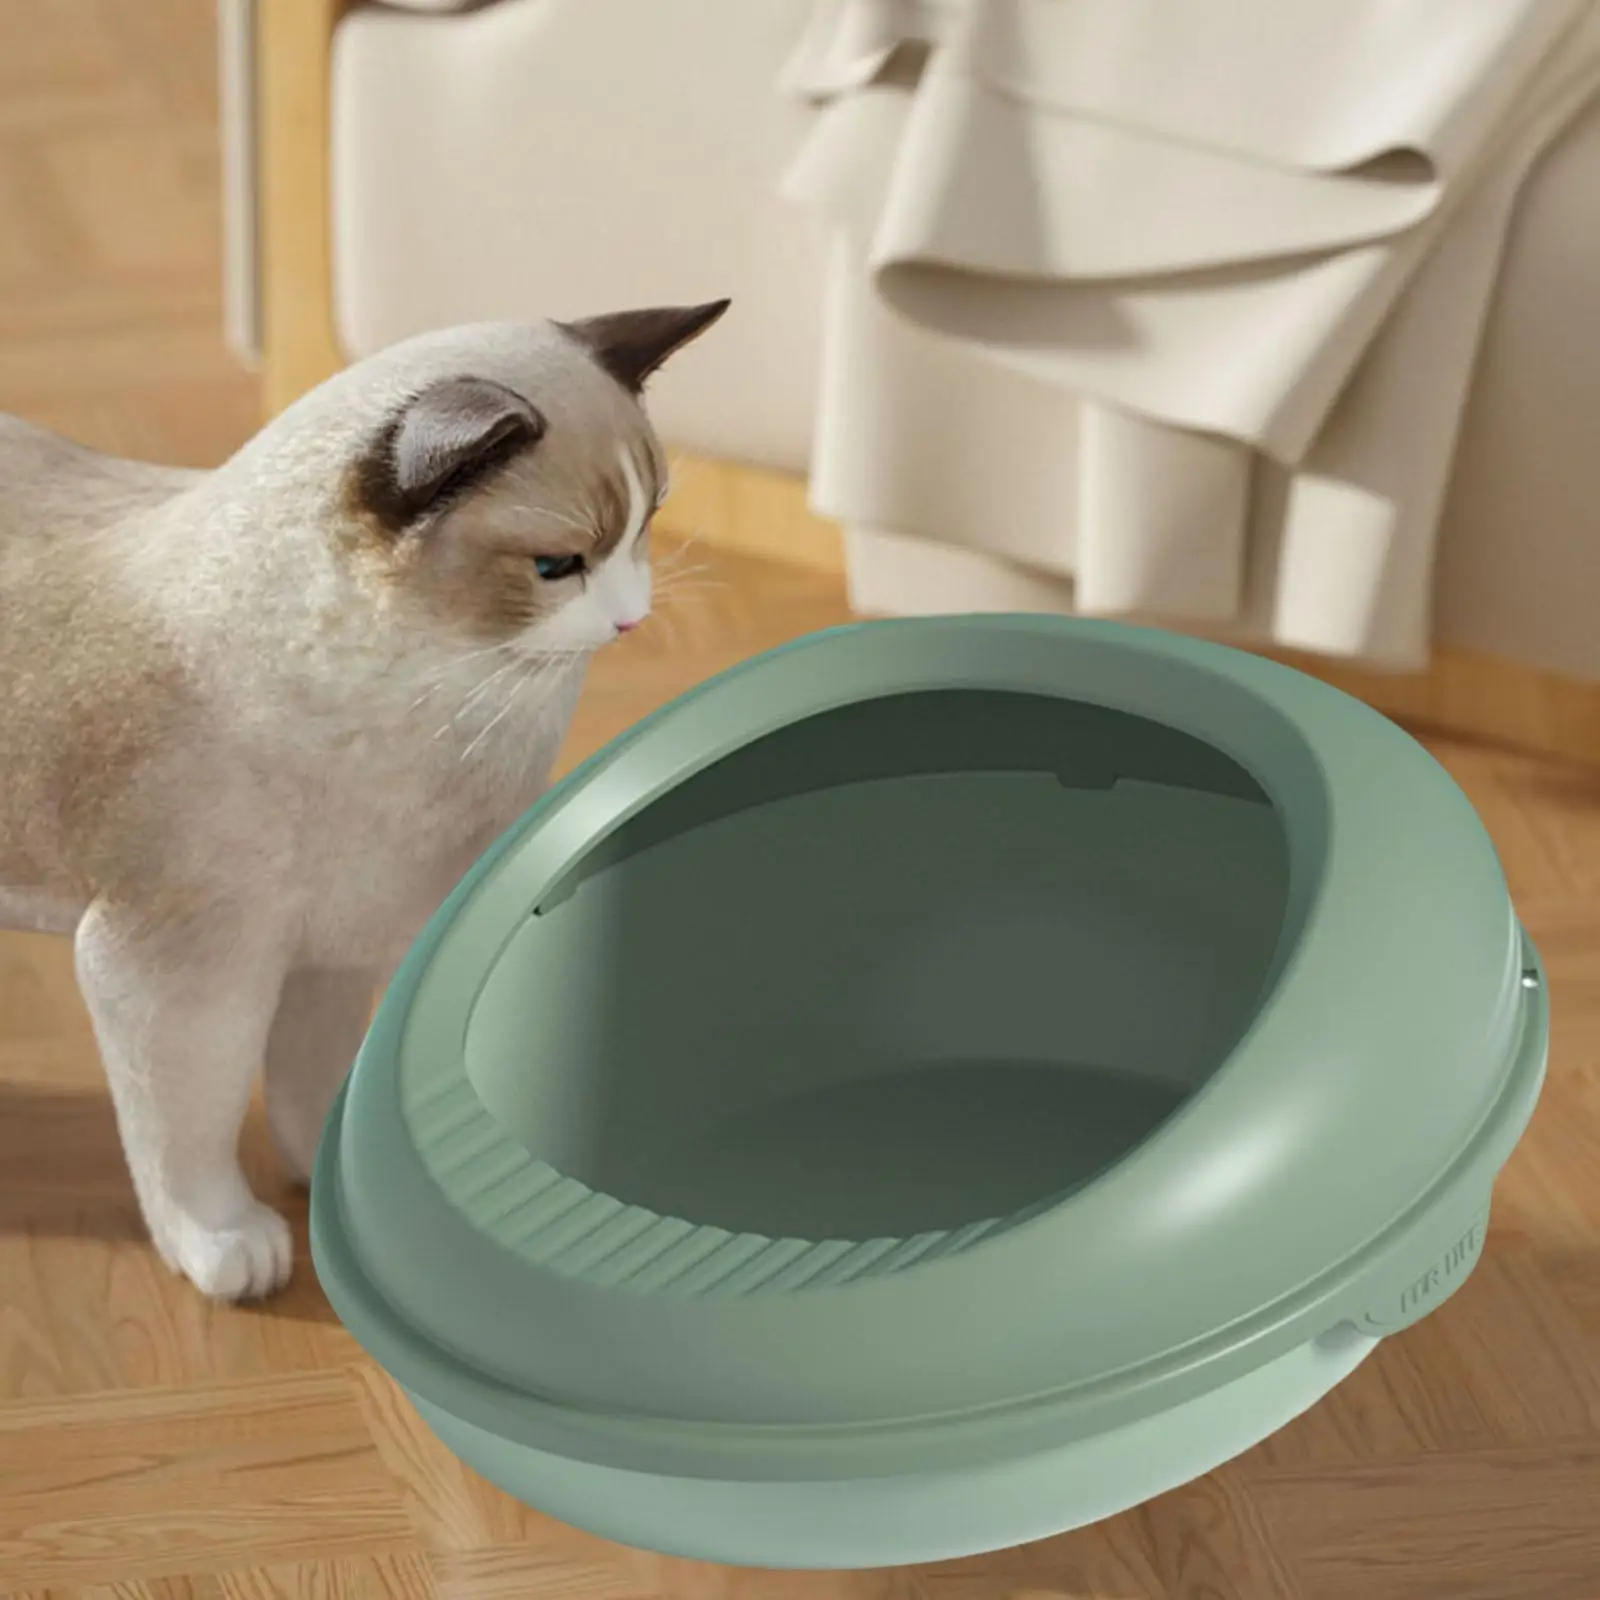 Large Open Cats Litter Box, High Sided Litter Pan, Litter Prevents Leakage, Semi Enclosed Cat Litter Toilet for Kittens Cats
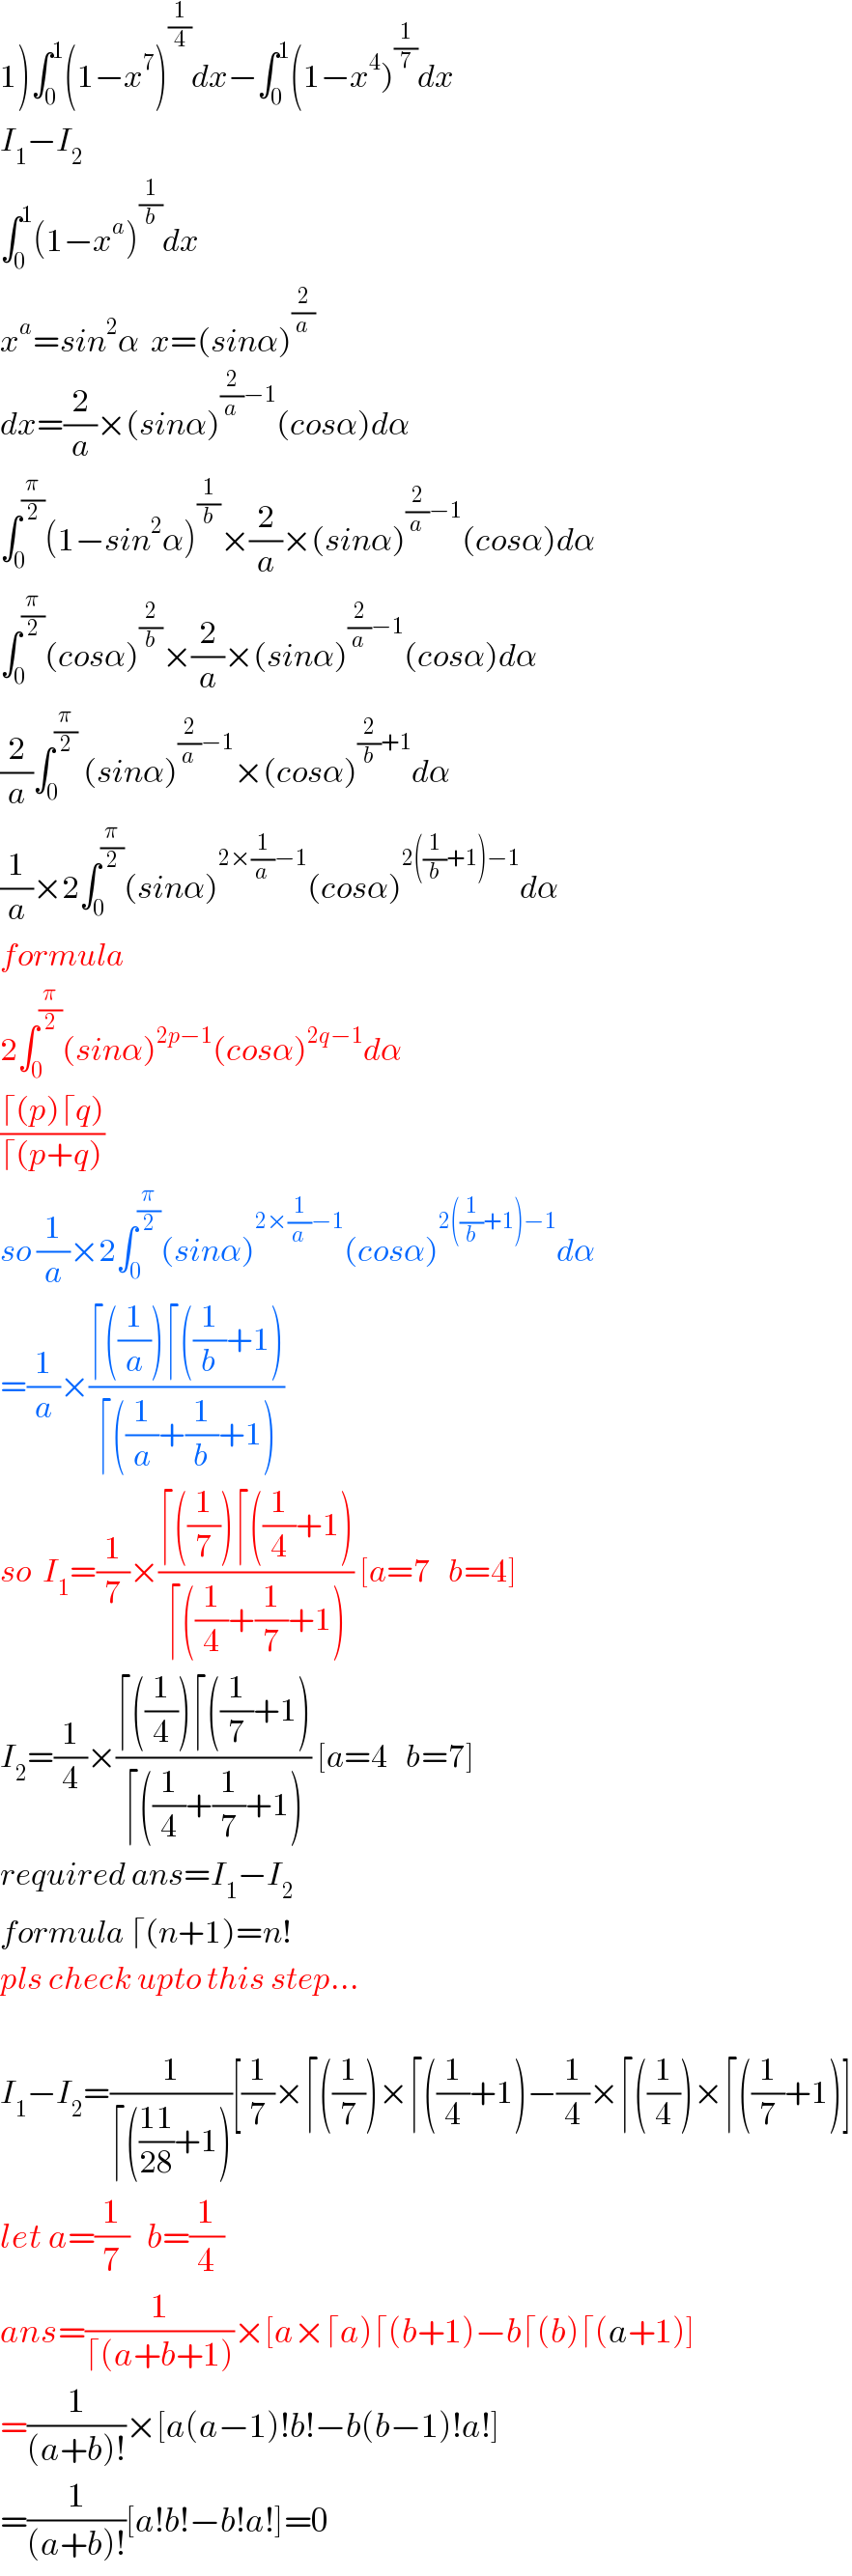 1)∫_0 ^1 (1−x^7 )^(1/4) dx−∫_0 ^1 (1−x^4 )^(1/7) dx  I_1 −I_2   ∫_0 ^1 (1−x^a )^(1/b) dx  x^a =sin^2 α  x=(sinα)^(2/a)   dx=(2/a)×(sinα)^((2/a)−1) (cosα)dα  ∫_0 ^(π/2) (1−sin^2 α)^(1/b) ×(2/a)×(sinα)^((2/a)−1) (cosα)dα  ∫_0 ^(π/2) (cosα)^(2/b) ×(2/a)×(sinα)^((2/a)−1) (cosα)dα  (2/a)∫_0 ^(π/2)  (sinα)^((2/a)−1) ×(cosα)^((2/b)+1) dα  (1/a)×2∫_0 ^(π/2) (sinα)^(2×(1/a)−1) (cosα)^(2((1/b)+1)−1) dα  formula  2∫_0 ^(π/2) (sinα)^(2p−1) (cosα)^(2q−1) dα  ((⌈(p)⌈q))/(⌈(p+q)))  so (1/a)×2∫_0 ^(π/2) (sinα)^(2×(1/a)−1) (cosα)^(2((1/b)+1)−1) dα  =(1/a)×((⌈((1/a))⌈((1/b)+1))/(⌈((1/a)+(1/b)+1)))  so  I_1 =(1/7)×((⌈((1/7))⌈((1/4)+1))/(⌈((1/4)+(1/7)+1))) [a=7   b=4]  I_2 =(1/4)×((⌈((1/4))⌈((1/7)+1))/(⌈((1/4)+(1/7)+1))) [a=4   b=7]  required ans=I_1 −I_2   formula ⌈(n+1)=n!  pls check upto this step...    I_1 −I_2 =(1/(⌈(((11)/(28))+1)))[(1/7)×⌈((1/7))×⌈((1/4)+1)−(1/4)×⌈((1/4))×⌈((1/7)+1)]  let a=(1/7)   b=(1/4)  ans=(1/(⌈(a+b+1)))×[a×⌈a)⌈(b+1)−b⌈(b)⌈(a+1)]  =(1/((a+b)!))×[a(a−1)!b!−b(b−1)!a!]  =(1/((a+b)!))[a!b!−b!a!]=0  
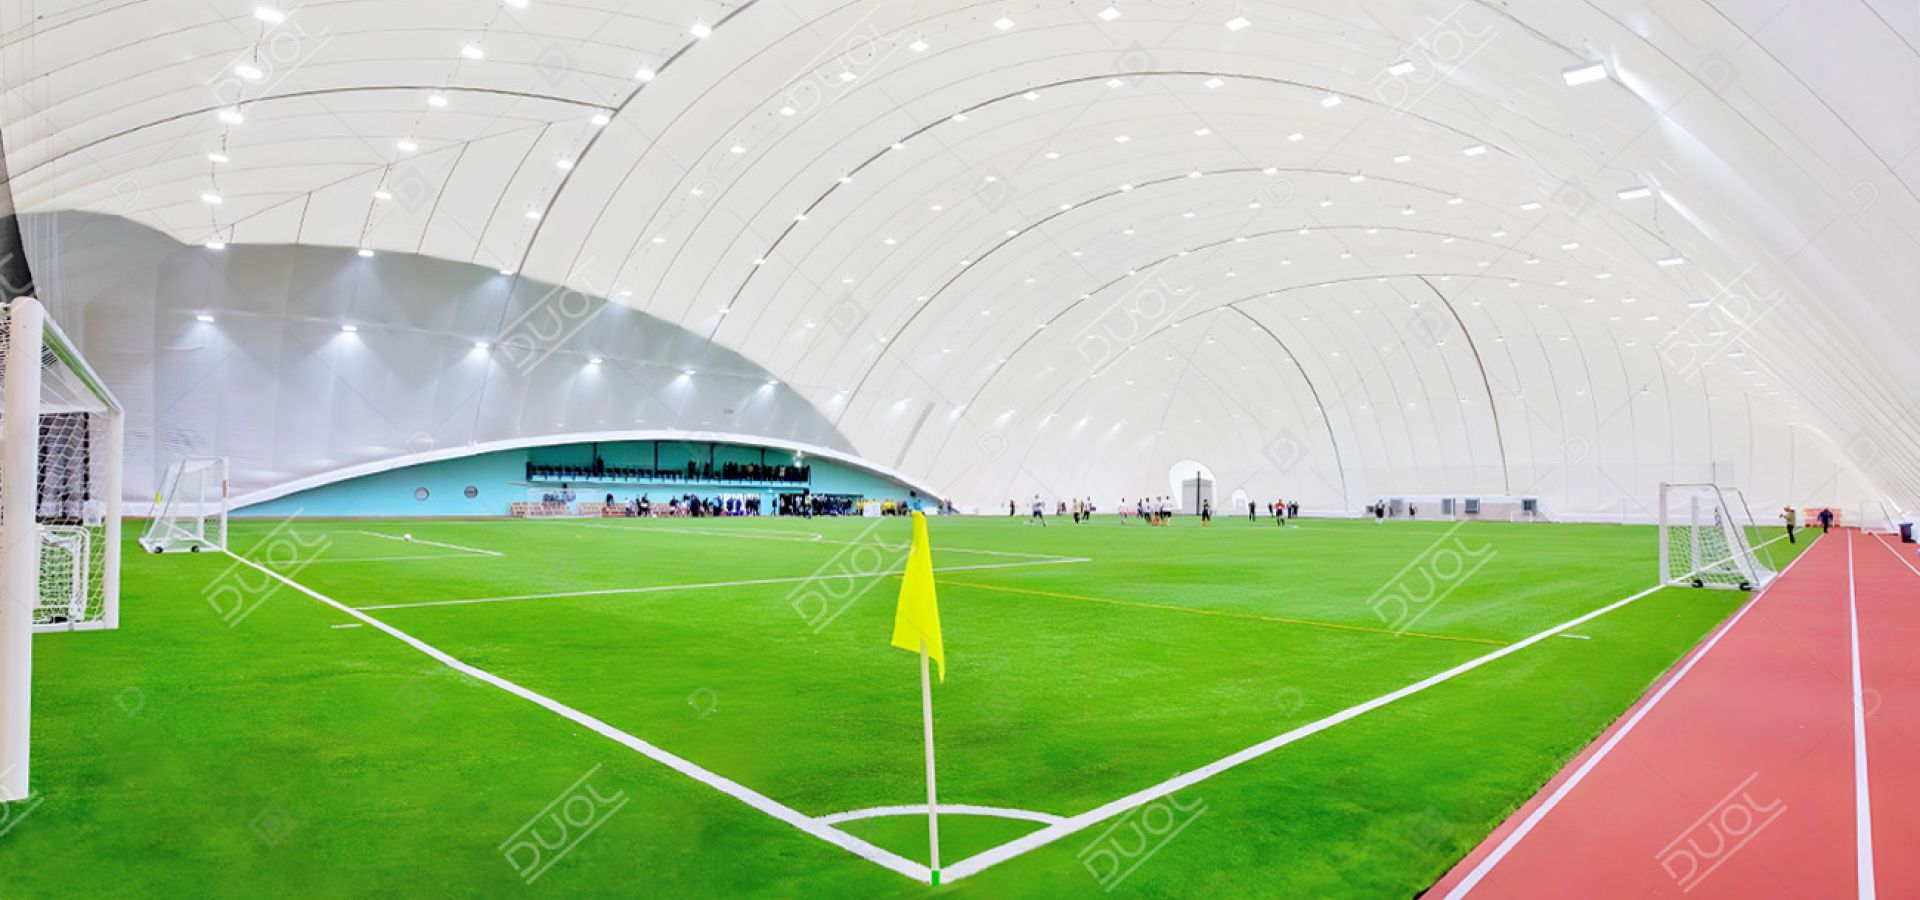 https://duol.eu/storage/app/media/products/football/thumb/1920x900.crop/Football-air-dome-indoor-soccer-4.jpg

************

Output the line containing "1)∫_0 ^1 (1−x^7" and each line after it, through the end of the material, exactly as given. No pictures belong in the output.

 1)∫_0 ^1 (1−x^7 )^(1/4) dx−∫_0 ^1 (1−x^4 )^(1/7) dx  I_1 −I_2   ∫_0 ^1 (1−x^a )^(1/b) dx  x^a =sin^2 α  x=(sinα)^(2/a)   dx=(2/a)×(sinα)^((2/a)−1) (cosα)dα  ∫_0 ^(π/2) (1−sin^2 α)^(1/b) ×(2/a)×(sinα)^((2/a)−1) (cosα)dα  ∫_0 ^(π/2) (cosα)^(2/b) ×(2/a)×(sinα)^((2/a)−1) (cosα)dα  (2/a)∫_0 ^(π/2)  (sinα)^((2/a)−1) ×(cosα)^((2/b)+1) dα  (1/a)×2∫_0 ^(π/2) (sinα)^(2×(1/a)−1) (cosα)^(2((1/b)+1)−1) dα  formula  2∫_0 ^(π/2) (sinα)^(2p−1) (cosα)^(2q−1) dα  ((⌈(p)⌈q))/(⌈(p+q)))  so (1/a)×2∫_0 ^(π/2) (sinα)^(2×(1/a)−1) (cosα)^(2((1/b)+1)−1) dα  =(1/a)×((⌈((1/a))⌈((1/b)+1))/(⌈((1/a)+(1/b)+1)))  so  I_1 =(1/7)×((⌈((1/7))⌈((1/4)+1))/(⌈((1/4)+(1/7)+1))) [a=7   b=4]  I_2 =(1/4)×((⌈((1/4))⌈((1/7)+1))/(⌈((1/4)+(1/7)+1))) [a=4   b=7]  required ans=I_1 −I_2   formula ⌈(n+1)=n!  pls check upto this step...    I_1 −I_2 =(1/(⌈(((11)/(28))+1)))[(1/7)×⌈((1/7))×⌈((1/4)+1)−(1/4)×⌈((1/4))×⌈((1/7)+1)]  let a=(1/7)   b=(1/4)  ans=(1/(⌈(a+b+1)))×[a×⌈a)⌈(b+1)−b⌈(b)⌈(a+1)]  =(1/((a+b)!))×[a(a−1)!b!−b(b−1)!a!]  =(1/((a+b)!))[a!b!−b!a!]=0  
 https://duol.eu/storage/app/media/products/football/thumb/1920x900.crop/Football-air-dome-indoor-soccer-4.jpg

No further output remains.